Red Wine Vs. White Wine: Which Is Right For You?
The question, "red vs. white wine, which is better?" has been asked for a very long time. Both drinks may identify as the same type in general, but they have many differences that make them unique in specific ways.
This blog post will discuss the differences between these two popular drinks in terms of several factors and see which one has the upper hand.
|Red Wine||White Wine|
|Made with dark-skinned grapes||Produced with green and dark-skinned grapes|
|Ferments the whole crushed grape (skins, seeds, stems, juice)||Ferments only the grape juice|
|Color ranges from opaque ruby to deep purple to brown||Color ranges from pale yellow to gold to pale green|
|Offers intense, complex flavors||Offers light, simple flavors|
|Usually aged in oak barrels||Typically aged in steel vats|
|Longer aging time||Shorter aging time|
|Full of antioxidants||Contains fewer antioxidants|
|High tannin content||Low tannin content|
|Less acidic||More acidic|
|Less sugar content||More sugar content
Red wine is a robust and usually full-bodied wine with a characteristic red color from dark-colored or red grapes. The grape skin gives the distilled liquid its signature hue, as well as flavors and other elements.
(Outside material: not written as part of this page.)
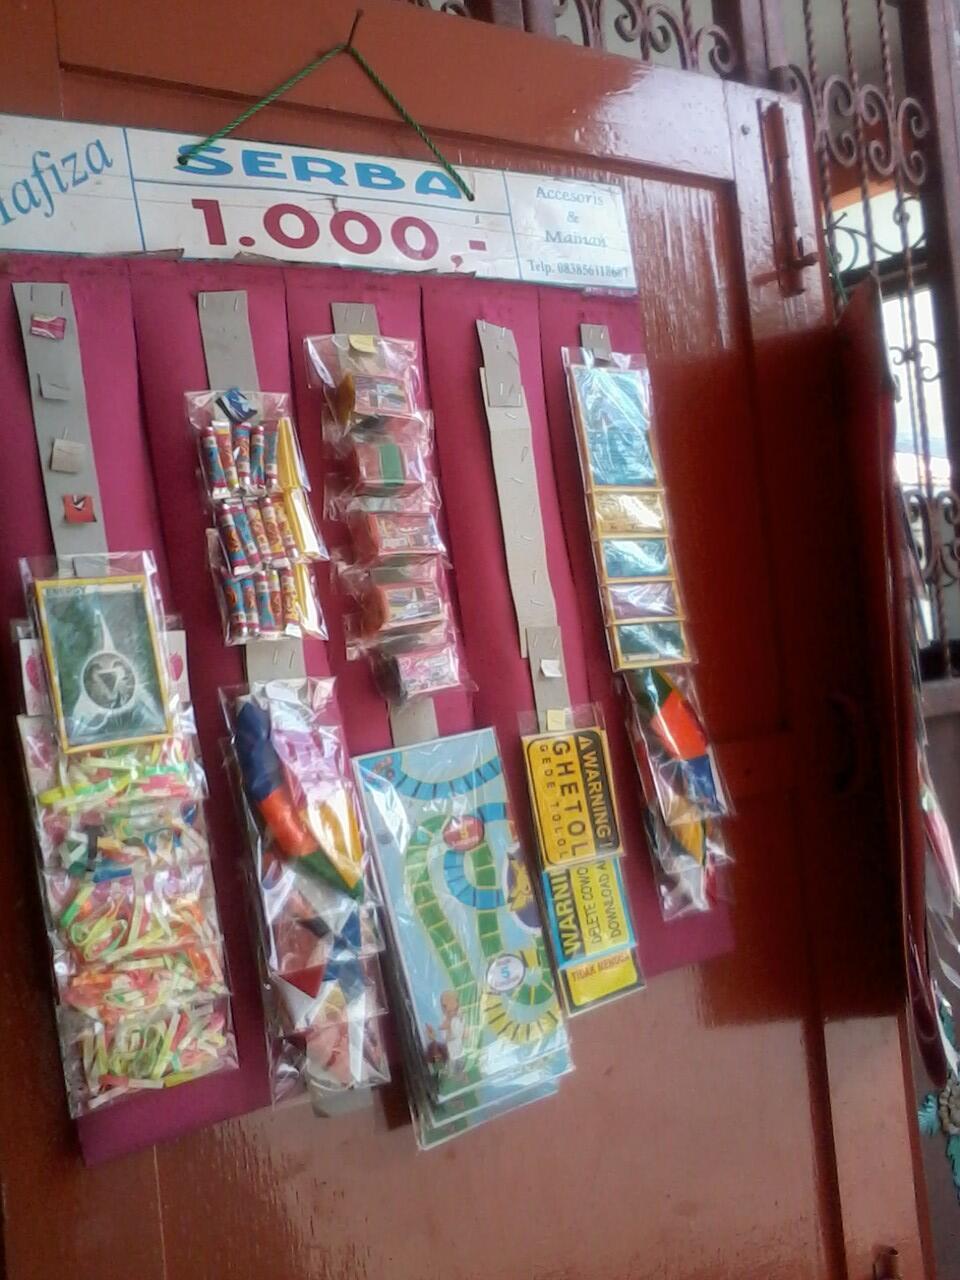 Peluang Usaha Mainan Murah Serba 1000 2000 Kaskus

Young wines are intense violet, while more mature ones tend to be brick-red in color. Red wines vary greatly depending on age because there's so much variation between young and old varieties alike! Cabernet Sauvignon, Merlot, Zinfandel, Syrah, Malbec, and Pinot Noir are the most well-known red wines.
White wines are crispier than red wines with their fresh fruit notes and acidity. They are made from white wine grapes, but some also use dark or red grape varieties.
The fermentation process strips away the skins and makes them lighter in color than red wines. Without its skin to protect them, these whites can be a little sweeter because they don't get any of that bitter tannin flavor!
The delicate and natural floral and fruit tang of white wine is preserved given that they are aged in stainless steel vats. Refreshingly light with a hint of sweetness, these wines provide an excellent accompaniment to meals. Some famous white wines are Chardonnay, Sauvignon Blanc, Semillon, Moscato, Pinot Grigio, Pinot Gris, Gewürztraminer, and Riesling.
Red wine is a rich and aromatic drink that has been used in many cultures for centuries. Red wine is made by crushing red or black grapes with its skin, stems, and seeds to allow natural yeast to start the fermentation process. Some winemakers also accelerate by adding their brand of yeast into the mixture.
On the other hand, white wine is made from white wine grapes and sometimes dark or red grapes. The latter is called "Blanc de Noir." The grapes are also pressed to extract the juice to make this variety into a delicious alcoholic drink. But the skin, seeds, and stems need to be taken out before starting fermentation with yeast.
Red wines utilize the entire grape, leaving no waste, making it the winner for this round.
In winemaking, grapes are crushed into a must and begin a maceration process before or after fermentation. Maceration is when the skins color a wine's hue and provide a tannic structure or flavor profile for red wines.
The longer the grape remains in contact with its skins during fermentation, the deeper it will be colored by phenolic compounds that contribute both sharpness of taste as well as astringency. The fermentation process for red wines usually takes place between 68°F and 80°F.
Meanwhile, white wines run through the crushing machine and are pressed to extract only their opaque-colored juice. When white wine is made with black grapes, vintners usually get rid of skin and seeds to have a lighter color on the result. White wines are often fermented in cooler temperatures - around 57-65º Fahrenheit which slows down the aging of these delicate grapes but produces less tannin content in the finished product.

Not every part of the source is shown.